В ПНР система магазинов, торговавших за валюту, аналог советских «Березок».

Мы двинулись к дому, было уже довольно поздно, стали уходить первые гости, и, помню, я в панике подумал, что все это сейчас кончится, если я не наберусь духа попросить у нее телефон, но, насколько я себя знал, вряд ли у меня будет ее номер; мне так необходимо было ее общество, все дело, видимо, было в успокоении, которое приносило мне прикосновение ее руки; в то же время я вдруг понял – да, именно тогда это и произошло, – что она выше, чем мне казалось издалека, потому что когда я шел за ней, пропустив ее вперед на узкой тропинке, которая бежала вдоль стены виллы, макушка ее была на уровне моих глаз, и тут что-то там мелькнуло, словно след седины, хотя это мог быть просто отсвет из окна, и это заставило меня задуматься, а сколько ей может быть лет. Собственно, она ведь мне ничего о себе не рассказала. Как насчет мужа? Жениха? Друга? Ведь не может же быть, подумал я, чтобы она дожидалась меня, потому что я уже тогда видел все в такой перспективе, а ведь еще минуту назад мы пили на террасе, и вдруг оба умолкли, лишь посматривали друг на друга поверх бокалов; никто на меня еще так не смотрел – у той скрипачки Барбары взгляд был отсутствующий, беспомощный при столкновении со всем, что не есть музыка, – а теперь передо мной стояло хищное животное, радостное и агрессивное, и, что уж тут говорить, мне безумно хотелось стать его жертвой.

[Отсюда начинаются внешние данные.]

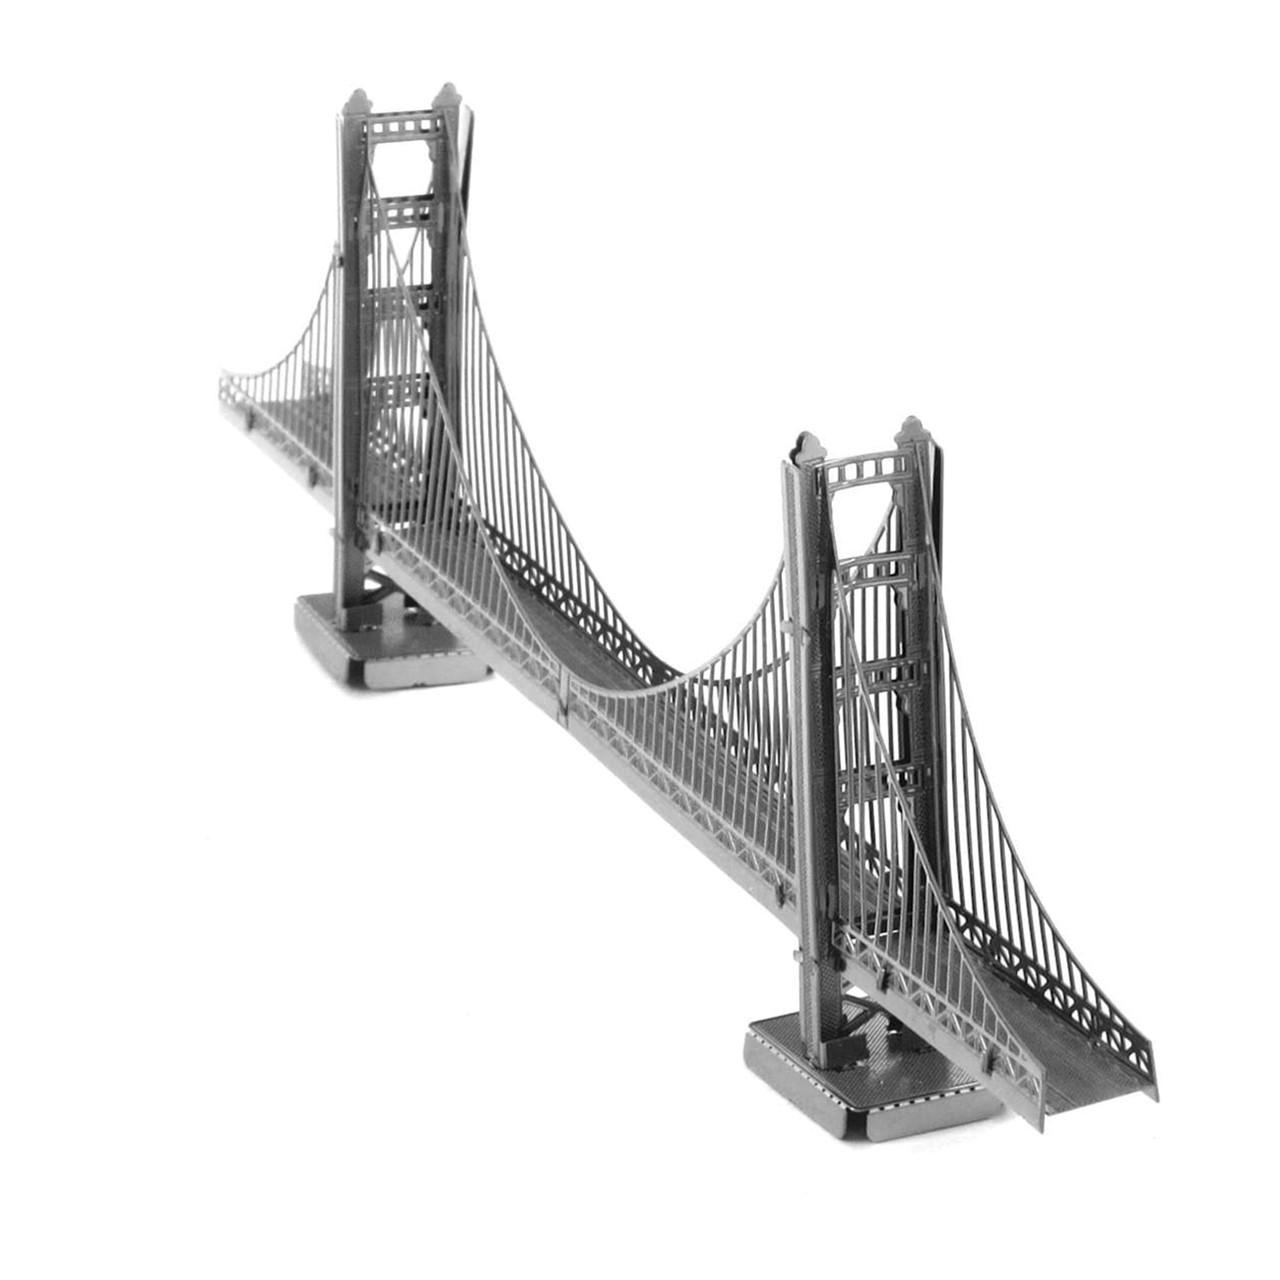 Metal Earth SAN FRANCISCO GOLDEN GATE BRIDGE in GOLD 3D Puzzle Micro Model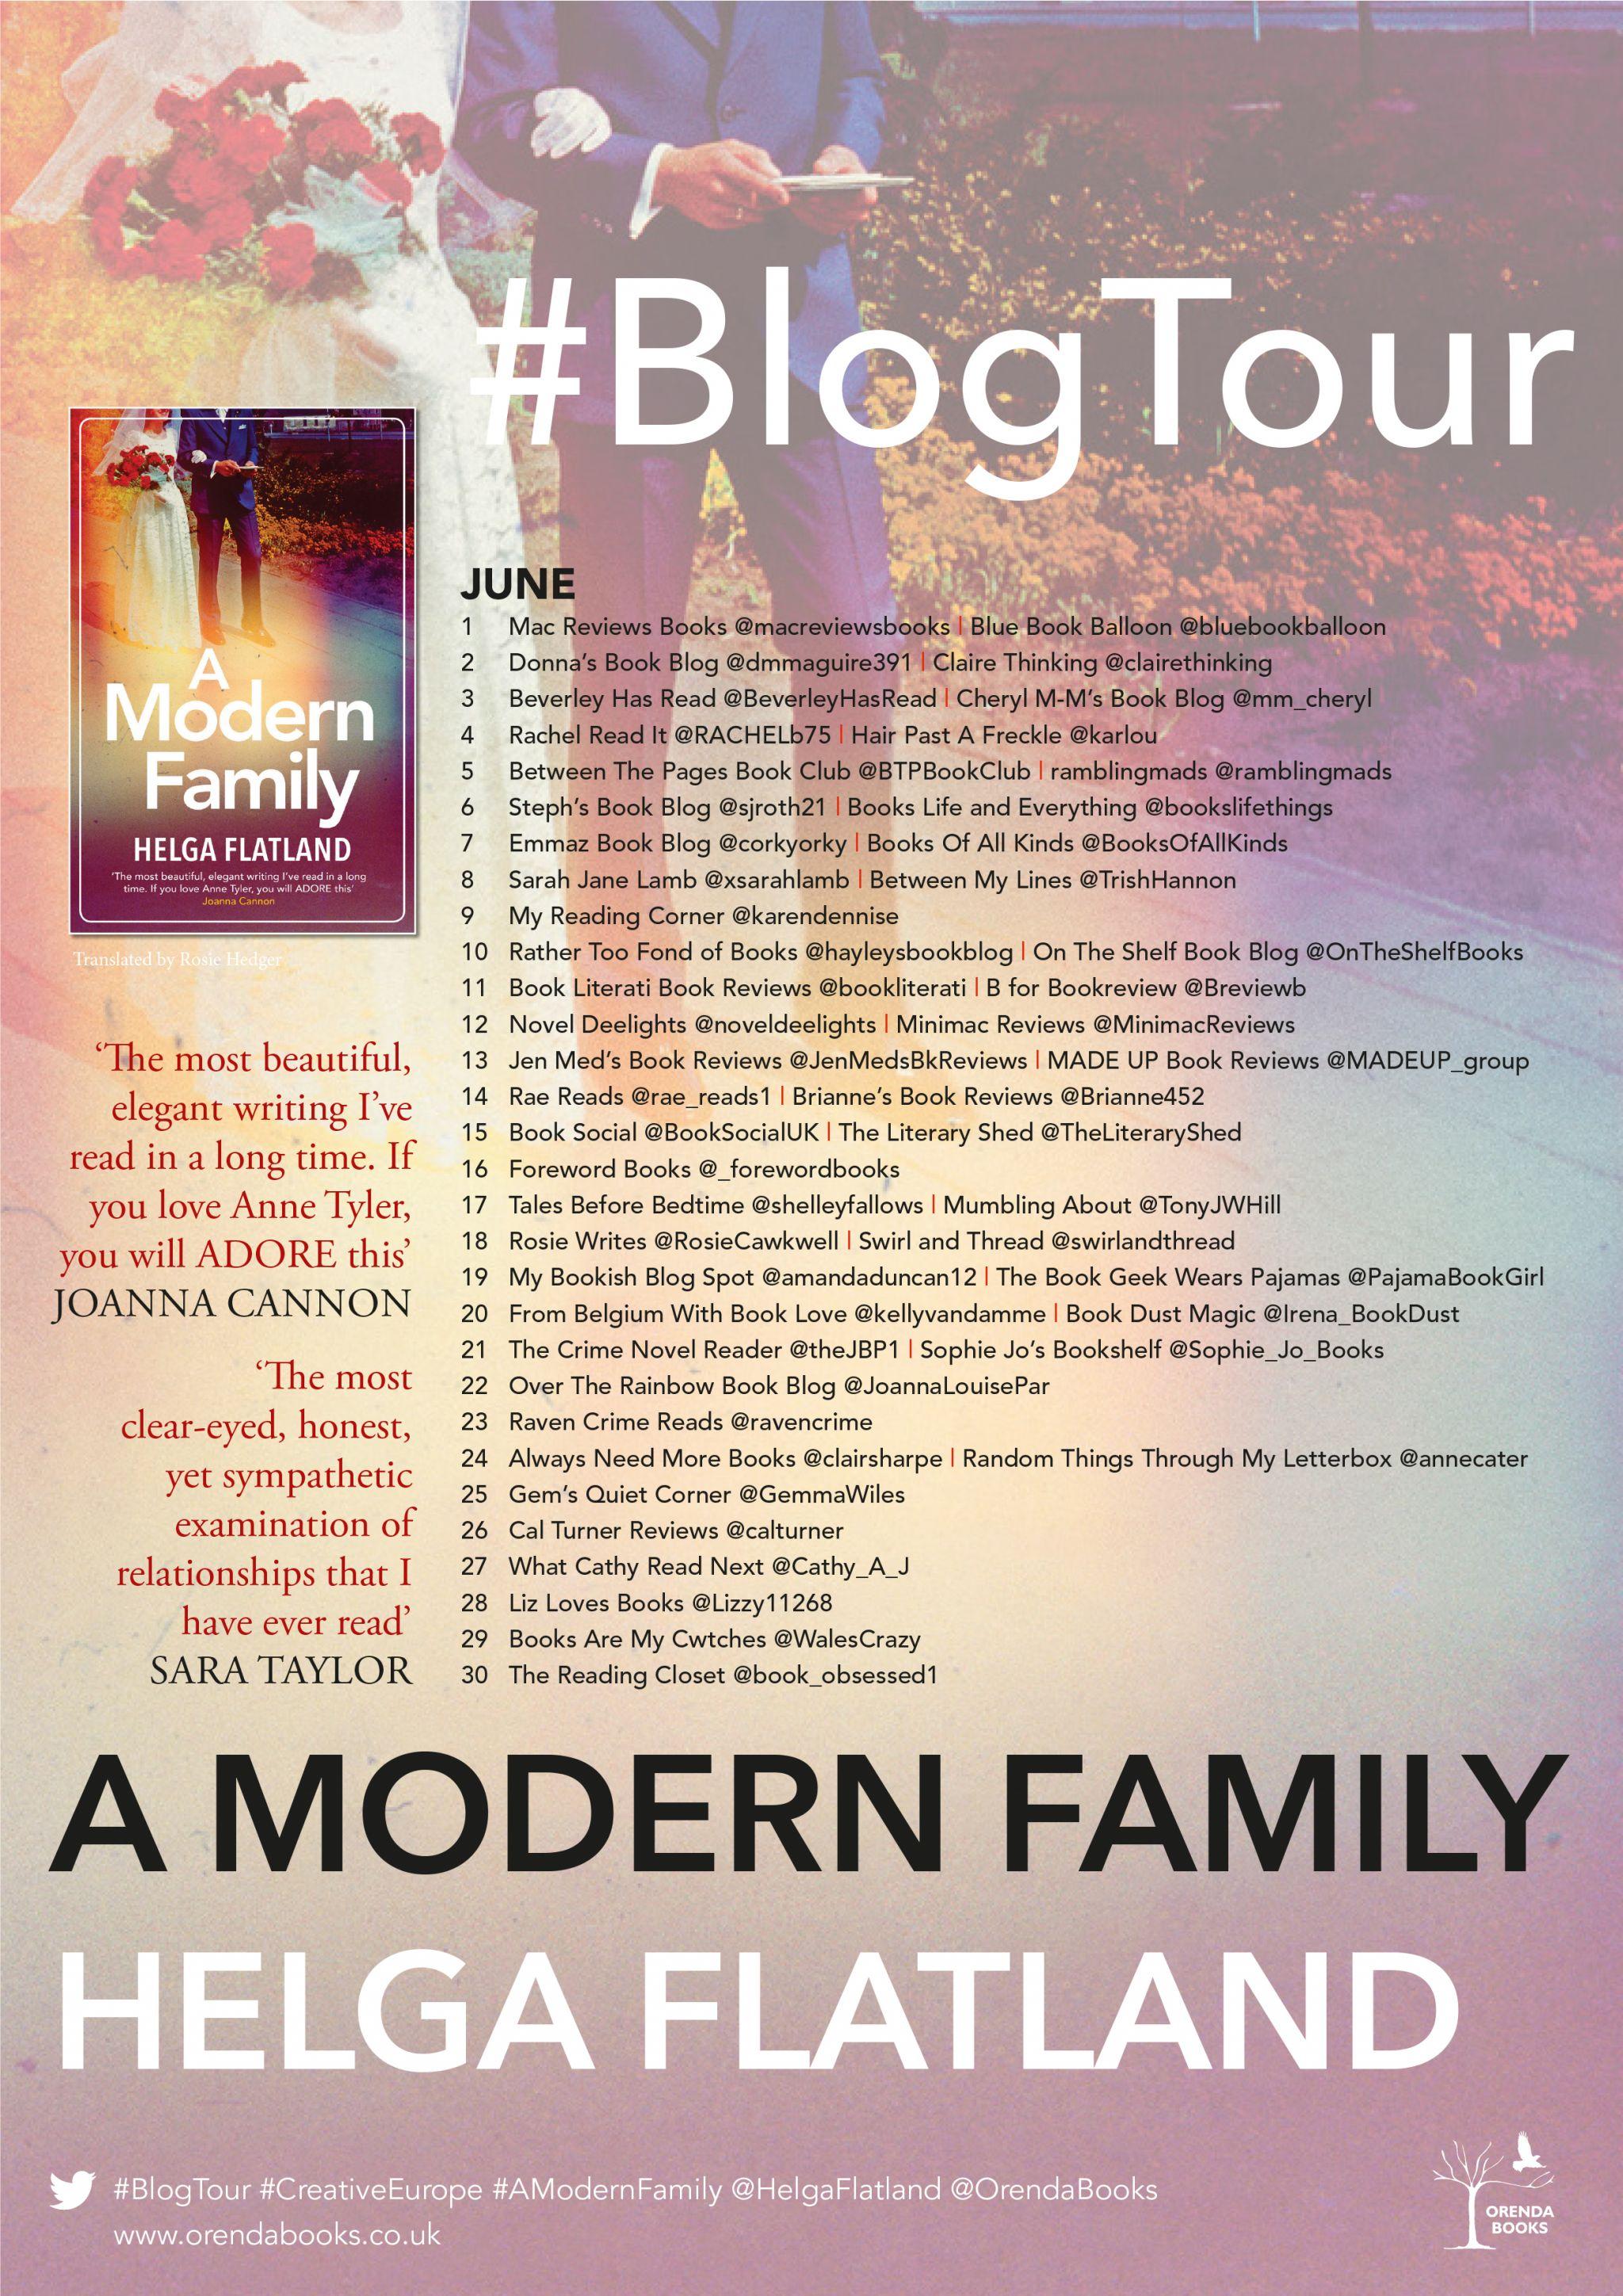 A Modern Family – Helga Flatland

Мы молчали. Владек зажег в саду фонари, а мы стояли на возвышении, никто к нам не подходил, люди прохаживались внизу как тени, и, если бы не отголоски разговоров, могло бы показаться, что все они – привидения. «Ты кто?» – спросил наконец я, но не получил ответа, она продолжала смотреть на меня, хотя при моей тогдашней несмелости мне представлялось, что одним этим вопросом я сказал многократно больше, чем когда-либо говорил какой-нибудь женщине, – действовал алкоголь, – сбоку из приоткрытой двери дома сочился свет, и в этом свете ее груди отбрасывали нежные тени, два тонких полумесяца на поверхности свитера, на переплетении шерстинок, и я подумал, а как эти шерстинки ощущаются ладонью, но не посмел протянуть руку, особенно когда мне пришло в голову, что вязка этого свитерка, в сущности, страшно редкая, почти ажурная и что совсем недалеко, всего в нескольких сантиметрах от меня, кроется нагое тело. Ее губы увлажнились от вина; у нее была очень светлая помада, почти сливающаяся с цветом кожи, а может, даже еще и светлее, так что они не притягивали к себе внимания, но сейчас, когда она смачивала их в бокале, внезапно стало видно, какие они полные, возбуждающие.

Мы с Адамом снова открыли по бутылке пива. Было, наверное, уже около двух ночи, на проигрывателе звучал какой-то Бах, и мне вдруг захотелось поинтересоваться у Адама, есть ли у него тут вальс «Франсуаза», но, несмотря на недавнее признание, он, несомненно, разозлился бы – ведь он же ясно сказал: только в четырех стенах, только в одиночестве.

– Все это странно, – заметил я, – то, что ты рассказываешь, определенно нельзя назвать описанием красивой женщины. Знаешь, этакой классической красавицы.

Он на миг задумался.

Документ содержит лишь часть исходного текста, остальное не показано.